While Bihar was the first State to have repealed the APMC Act, Maharashtra has now become the second State after Bihar to have amended the APMC Act. A few months after it had brought in a notification making it obligatory for the trade not to purchase agricultural commodities below the MSP, in a complete turnaround it has now promulgated an Ordinance on Oct 25 deregulating all produce, including foodgrains, oilseeds and flowers, from the APMC Act. The new directive allows farmers to sell their produce outside the regulated APMC markets in the State. Earlier too, in June 2016, it had passed an amendment deregulating fruits and vegetables from the APMC Act but there are no studies telling us whether the move has helped farmers in any way. We have only seen reports of farmers dumping veggies on the streets in the absence of market prices even covering the cost of production.   

“The first step is to pass an Ordinance. The rules will be notified within 15 days,” Sadabhau Khot, the state minister for agriculture and market reforms told a media channel, adding “the idea is to create private markets with similar facilities as APMCs, while ensuring healthy competition.” While I am not sure how much the APMC amendments will help Maharashtra farmers in price discovery, it will certainly be interesting to watch how soon the trade opens marketing channels to make available Maharashtra paddy for procurement in Punjab and Haryana. When Bihar revoked the APMC Act some 12 years ago, the expectations were the same. The basic idea was that removing the monopolistic control of APMC markets will allow private investments, motivate the corporate sector to undertake direct marketing and provide for more efficient markets. Nothing like this happened. In fact, Bihar has turned into a test case to know how best agriculture can be turned exploitative.

“The amendments have been made in accordance with the Centre’s Modal Agricultural Produce and Livestock Market Act 2017,” the minister stated. In fact, this is where the problem lies. The inter-ministerial task force (in 2002) that initially recommended the APMC Act to be amended did not ascertain the social fallout of withdrawing an assured market for small farmers but was driven by the industry’s prescription. Contract farming, direct marketing and public-private partnership is only aimed at dismantling an excellent social framework which so assiduously helped build food security. Even the Food and Agriculture Organisation of the UN has questioned the need to repeal the assured markets saying that its social determinants first need to be evaluated. The main argument that APMC mandishave become stronghold of cartels is certainly correct, but that’s an issue of failure of governance. Instead, dismantling the mandiinfrastructure and replacing it with still bigger cartels of private players under the PPP mode is not the way forward, and will only lead to making the available infrastructure for corporate agriculture. In other words, we are fast moving towards privatisation of profits and socialisation of costs.   

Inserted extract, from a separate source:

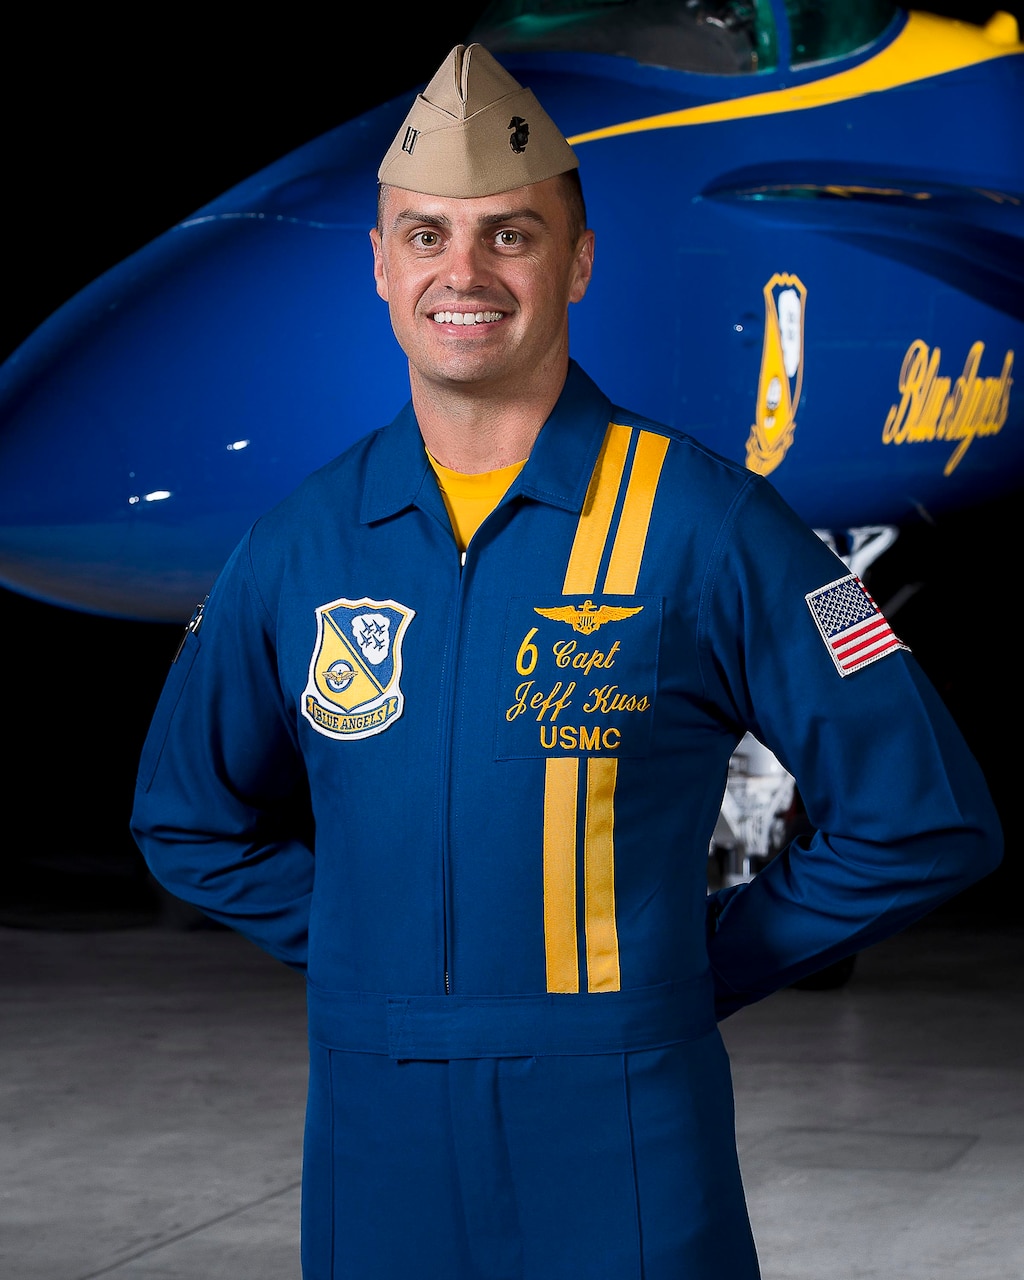 File photo of Marine Corps Capt. Jeff Kuss. Kuss, a member of the Navy’s Blue Angels flight demonstration squadron, died during a practice flight when the F/A-18C Hornet he was piloting crashed approximately two miles from the airport runway at Smyrna, Tenn., June 2, 2016. Navy photo

Nevertheless, deregulation of APMC Act in Maharashtra comes at a time when a few weeks back the Centre had committed to procure 25 per cent of the agricultural commodities for which a higher MSP is being announced. Although the rules have still to be notified, and the finer print is awaited, but it is quite obvious that the amendments will reduce the delivery of MSP to farmers. This is exactly what the FICCI and CII had been demanding for long, wrongly saying that a higher MSP comes in the way of farmers realising a much higher price. Punjab and Haryana face tremendous pressure to dismantle the existing APMC infrastructure. In fact, the Commission for Agricultural Costs and Prices (CACP) too had come out with a study some years back ranking the State’s as per their market friendliness. Incidentally, Bihar topped the market-friendly index, and Punjab, with its widespread network of mandis, purchase centres and rural connectivity was placed at the bottom.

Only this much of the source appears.